Читаем История Древнего мира, том 3. Упадок древних обществ. (Сборник) полностью

В сельском хозяйстве в IV–V вв. продолжалось вытеснение рабского труда из производства и замена его трудом разного рода зависимых держателей мелких наделов. Все более сближалось положение зависимых земледельцев разных категорий — колонов, рабов на пекулии, поселенцев-варваров и др. При этом положение свободных земледельцев ухудшалось: колоны не только были прикреплены к земле, но и ограничены в распоряжении своей собственностью — указом императоров Валентиниана и Валента 365 г. колонам запрещалось отчуждать что-либо из своего имущества без ведома господина (владельца имения). Колоны фактически перестают рассматриваться как свободные граждане государства, а превращаются в подданных тех магнатов, на земле которых они держат наделы. В то же время рабы с пекулием ведут свои мелкие хозяйства на тех же условиях, что и колоны; живут в деревнях вперемешку с колонами; магнаты выставляют в качестве рекрутов как колонов, так и рабов.

Центры экономической жизни империи постепенно смещались из городов и связанных с ними рабовладельческих вилл в крупные сальтусы, основанные на рабочей силе протофеодального типа. Рост крупного землевладения в сочетании с мелким производством и эксплуатацией зависимых мелких держателей, обязанных натуральными платежами и отработками, вел к натурализации экономики, к свертыванию товарно-денежных отношений.

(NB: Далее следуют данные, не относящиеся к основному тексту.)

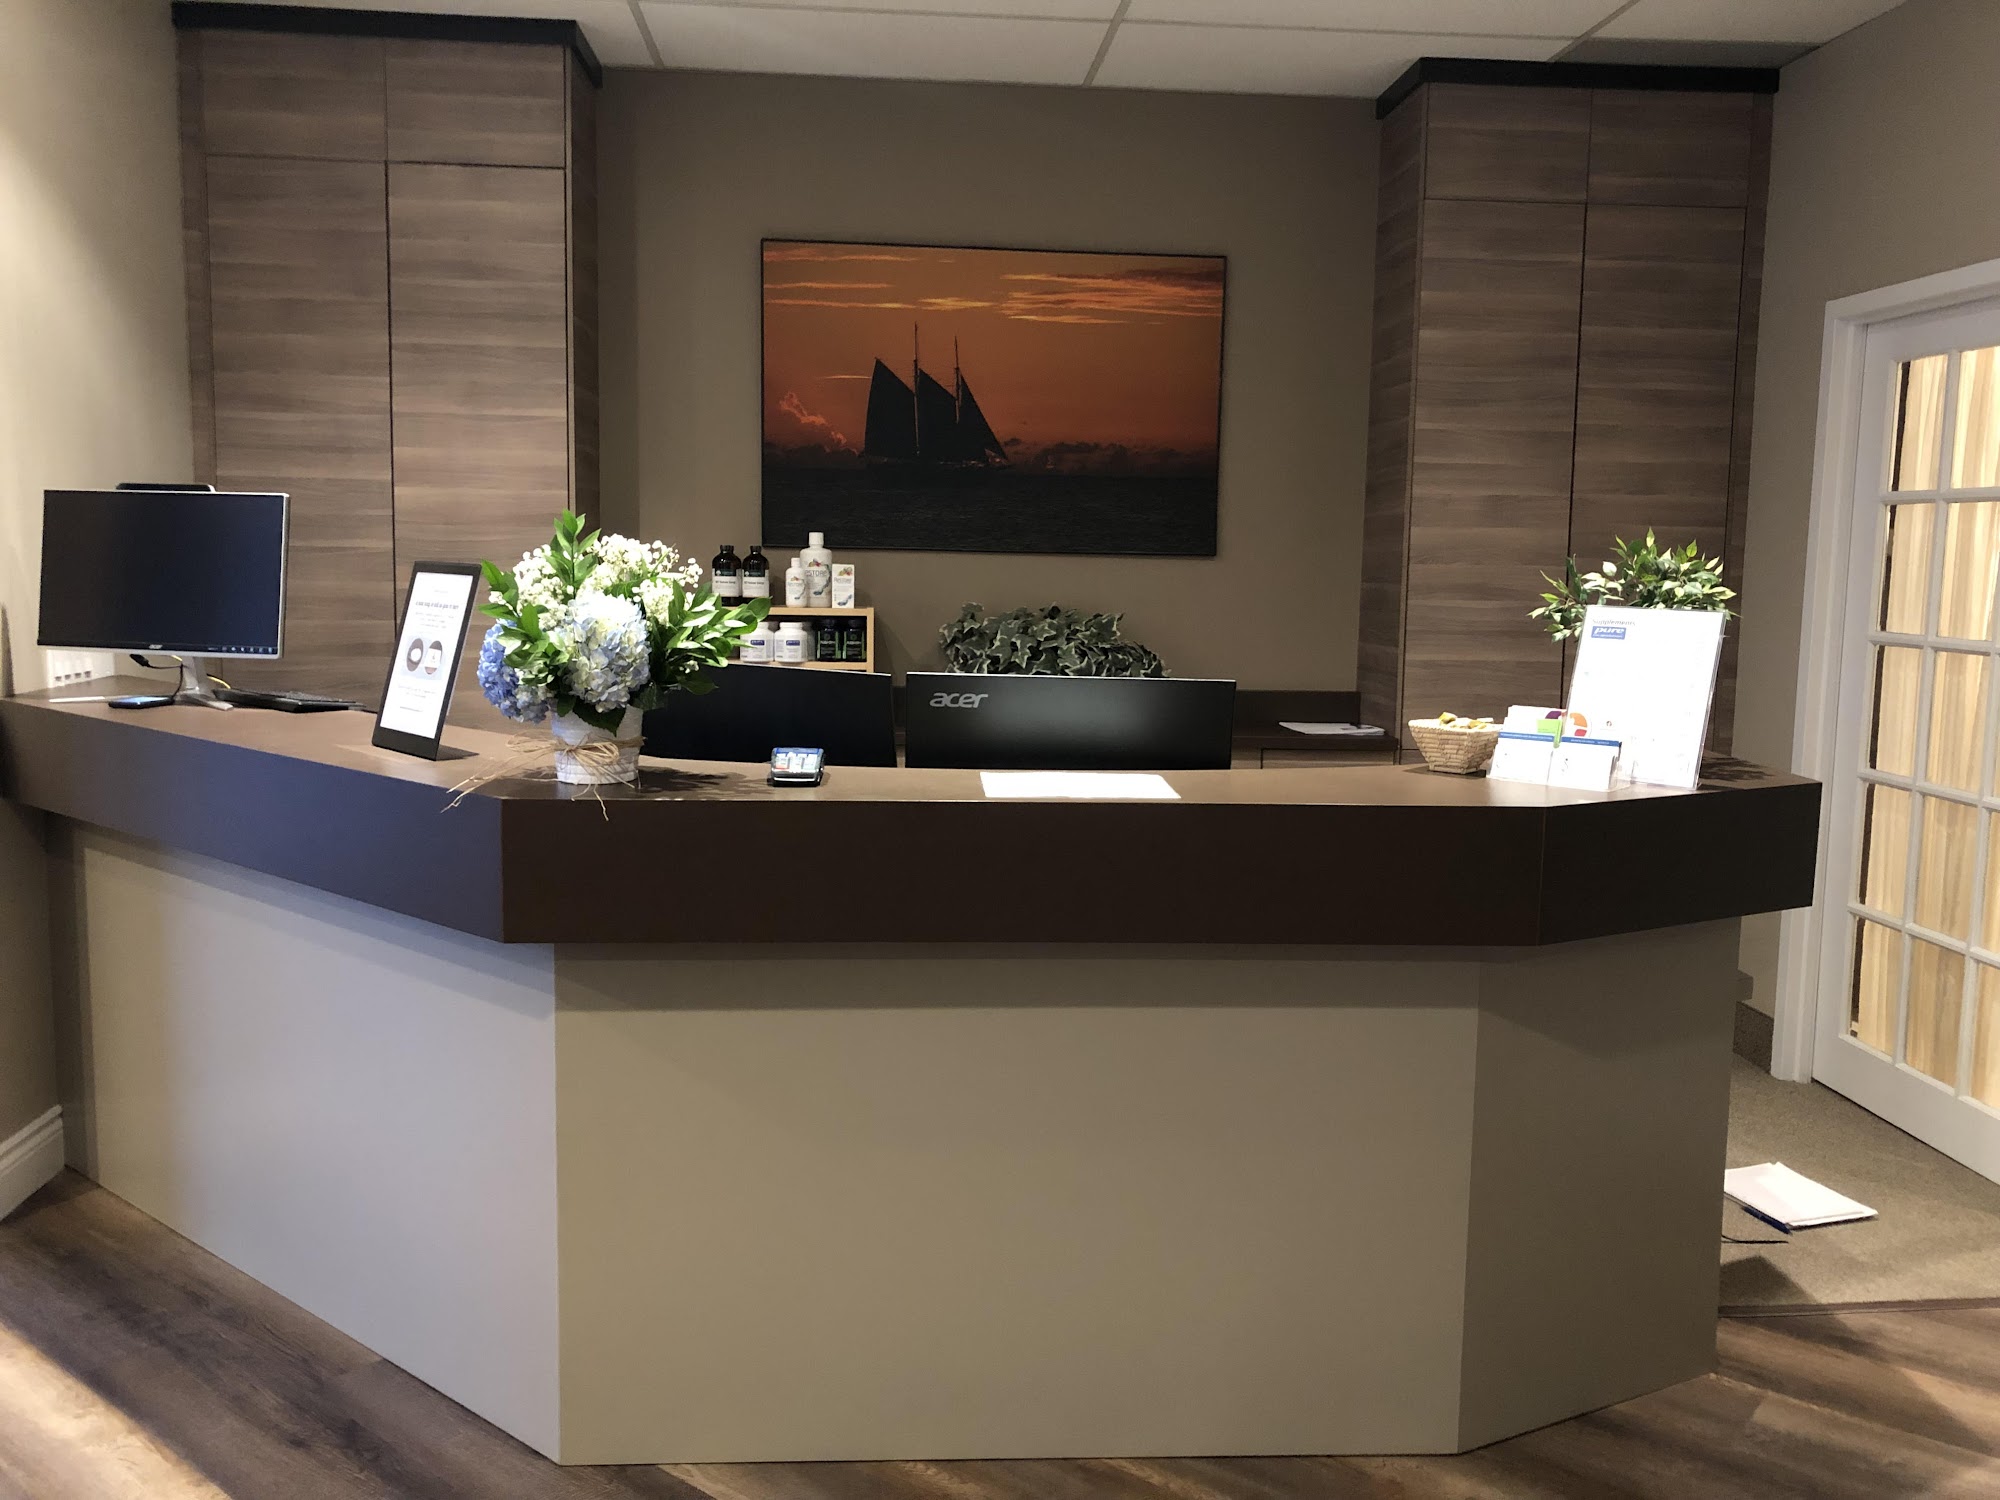 Shaw Chiropractic Family Wellness Centre

Об этом свидетельствует, например, трактат италийского землевладельца IV в. Палладия. В отличие от италийских агрономов поздней республики и ранней империи, придававших большое значение близости имения к рынку, где можно было бы продать производимую продукцию и в то же время закупить необходимые товары, Палладий настойчиво советует владельцу имения обеспечить хозяйство ремесленниками разных специальностей, чтобы можно было обойтись без городского рынка. Сельскохозяйственных работников имения он называет rustici, как в эпоху империи обозначали колонов. Поместная администрация, судя по Палладию, состояла из рабов; вероятно, и занятые в имении ремесленники и квалифицированные сельскохозяйственные работники, например садовники, нередко являлись рабами. Основной же рабочей силой, занятой земледелием в описанном Палладием поместье, были, очевидно, колоны, состоявшие из посаженных на землю рабов, вольноотпущенников и свободных арендаторов.

Еще одним новым явлением IV–V вв. был рост церковного землевладения после признания христианства римским государством. Епископское и монастырское землевладение было самым привилегированным: оно не облагалось никакими государственными налогами, а население церковных земель подлежало лишь юрисдикции церкви. Таким образом, церковное землевладение более, чем крупное светское (сенаторское), приближалось по своему характеру к феодальному землевладению. Будучи особо привилегированным землевладельцем, церковь могла создавать для своих колонов наиболее благоприятные условия держания земельных наделов. Правда, чтобы сохранять влияние на массы верующих, церковь должна была уделять часть своих доходов на раздачи бедным. Таким образом, она взяла на себя частично обязанности муниципальных властей по оказанию помощи бедноте. Церковная благотворительность не ограничивалась сословными рамками. Тут следует отметить, что в период поздней древности сословные различия начали стираться и при городских раздачах: например, в праздники раздавались угощения детям бедняков как свободных, так и рабов. В IV–V вв. церкви нередко приходилось отстаивать свои владения от посягательств со стороны отдельных светских магнатов, поэтому для укрепления своих экономических позиций она нуждалась в союзе с императорской властью.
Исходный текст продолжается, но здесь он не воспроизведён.